Paul, thank you for the kind words. I am worried about the financial system in this country right now as I do have some debt ie. 5 yr loans on a few pieces of equipment, but I am confident if I am modest I can make it work still.

I hadn't thought of the criss cross idea before but may be worth looking at. I think my biggest thing is the bean meters first as I just really don't like the cups and then we will see how the beans do with better planting. The beans I plant they say are adaptable to any row spacing but I try and get the bushiest bean I can.

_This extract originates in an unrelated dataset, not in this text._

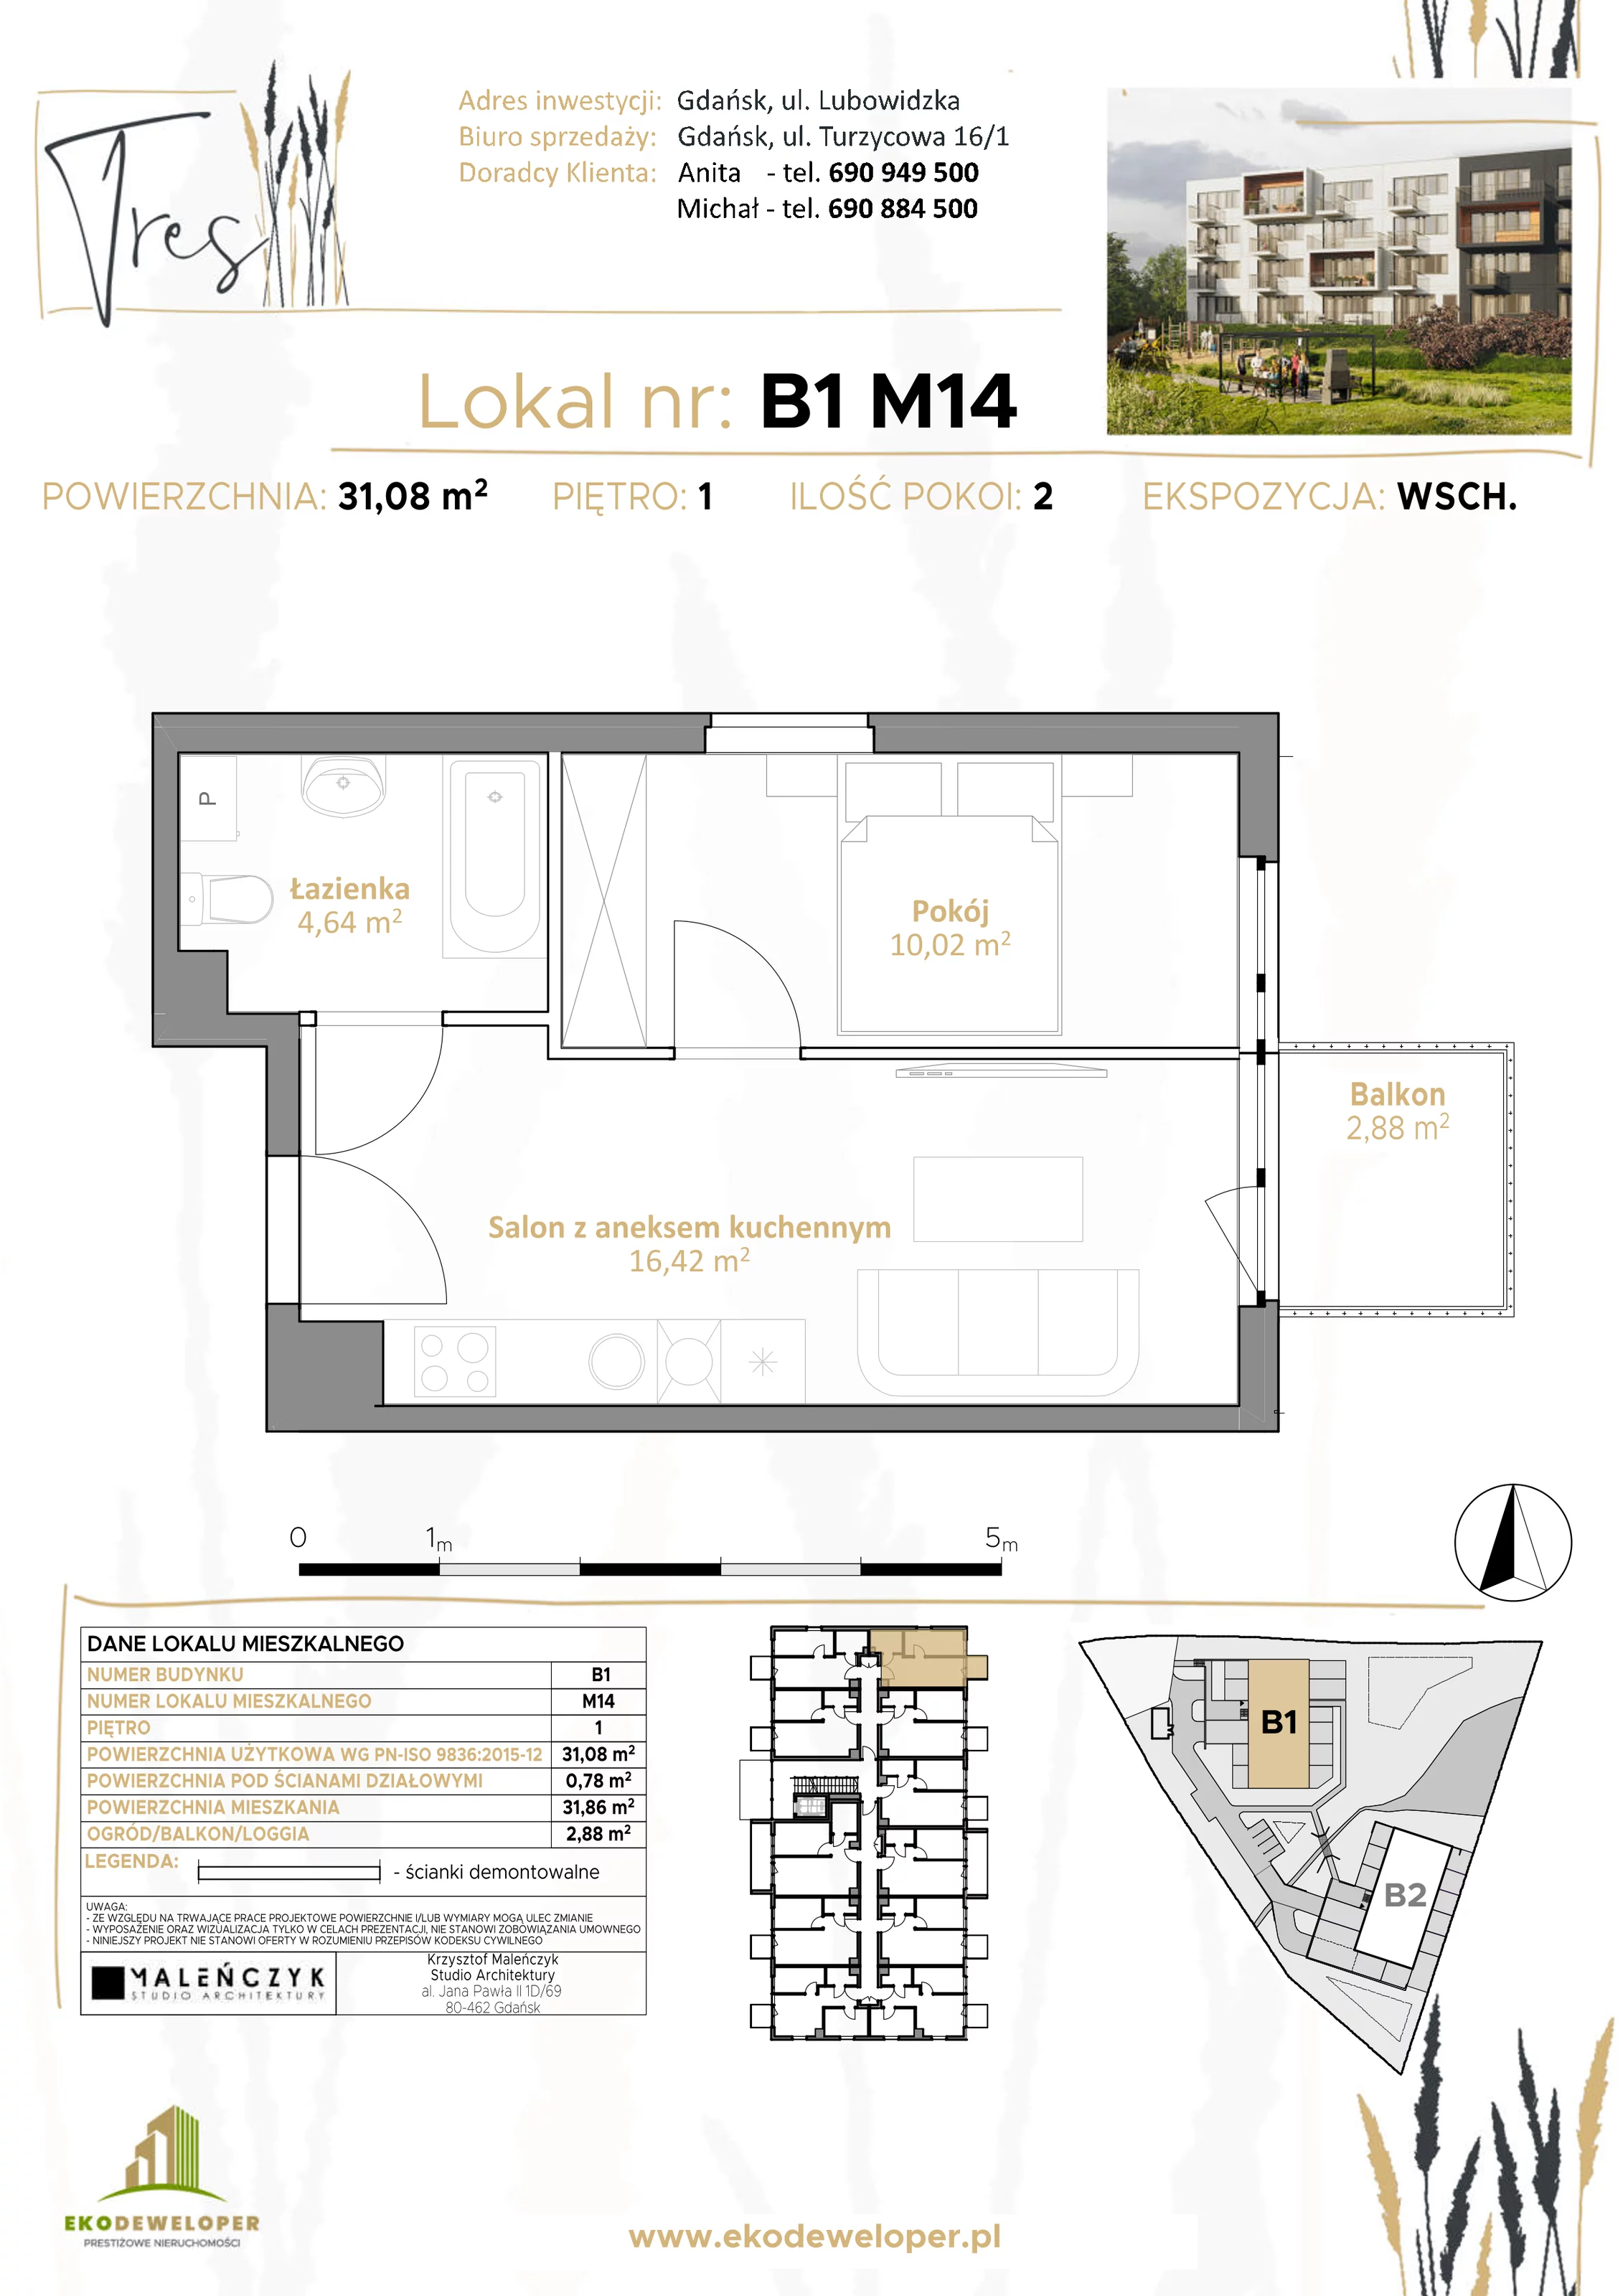 Mieszkanie 31,08 m², piętro 1, oferta nr B1.M14, Tres, Gdańsk, Jasień, ul. Lubowidzka

Any advice you have for a younger farmer (23 been farming for 8 years and am now getting to a point where I am getting bigger) I welcome it indefinitely. I'll leave my email open.
 
How creative are you? If you're a decent fabricator, you might be able to build something similar to the rig these people sell. I looked at 'em and decided to buy a Kinze 8-row with interplants.
15
 
Without modifying the tongue the splitters have to go on the back. The tongue is too short for turns even if you cut part of the unit off where the insecticide boxes go. You could build a tongue with an opening for the middle unit like a Kinze. I have a 6 row and put splitter units on the back. Works great - like a used $15,000 to $20,000 Kinze, but these cost $2500 to $5000 at auctions. It does have a negative tongue weight. Puts all of the weight on the 4 lift wheels. This is the second one I built and never have had problems with the lift (rockshaft tube, wheel bearings, rims, tires, etc). I probably don't bounce it across rough ground too fast, but I wouldn't any planter. I have CSR ground from 45 to 85. On the 45 to 75 CSR ground I know I get better yields in 15" rows verse 30" no-till or worked ground with 10" rows drilled. Some soils just have a hard time getting beans to cover all of the ground in 30" rows expecially since more and more bean varieties are more upright. 15" rows do it on the poorer soils. Secondly, a corn planter puts the beans in so they come up immediately. I drilled beans for years, both no-till and tilled. Sometimes took a rain. That is why I like the splitter 1) narrow rows, 2) come up immediately, and 3) nothing better than a planter for no-till.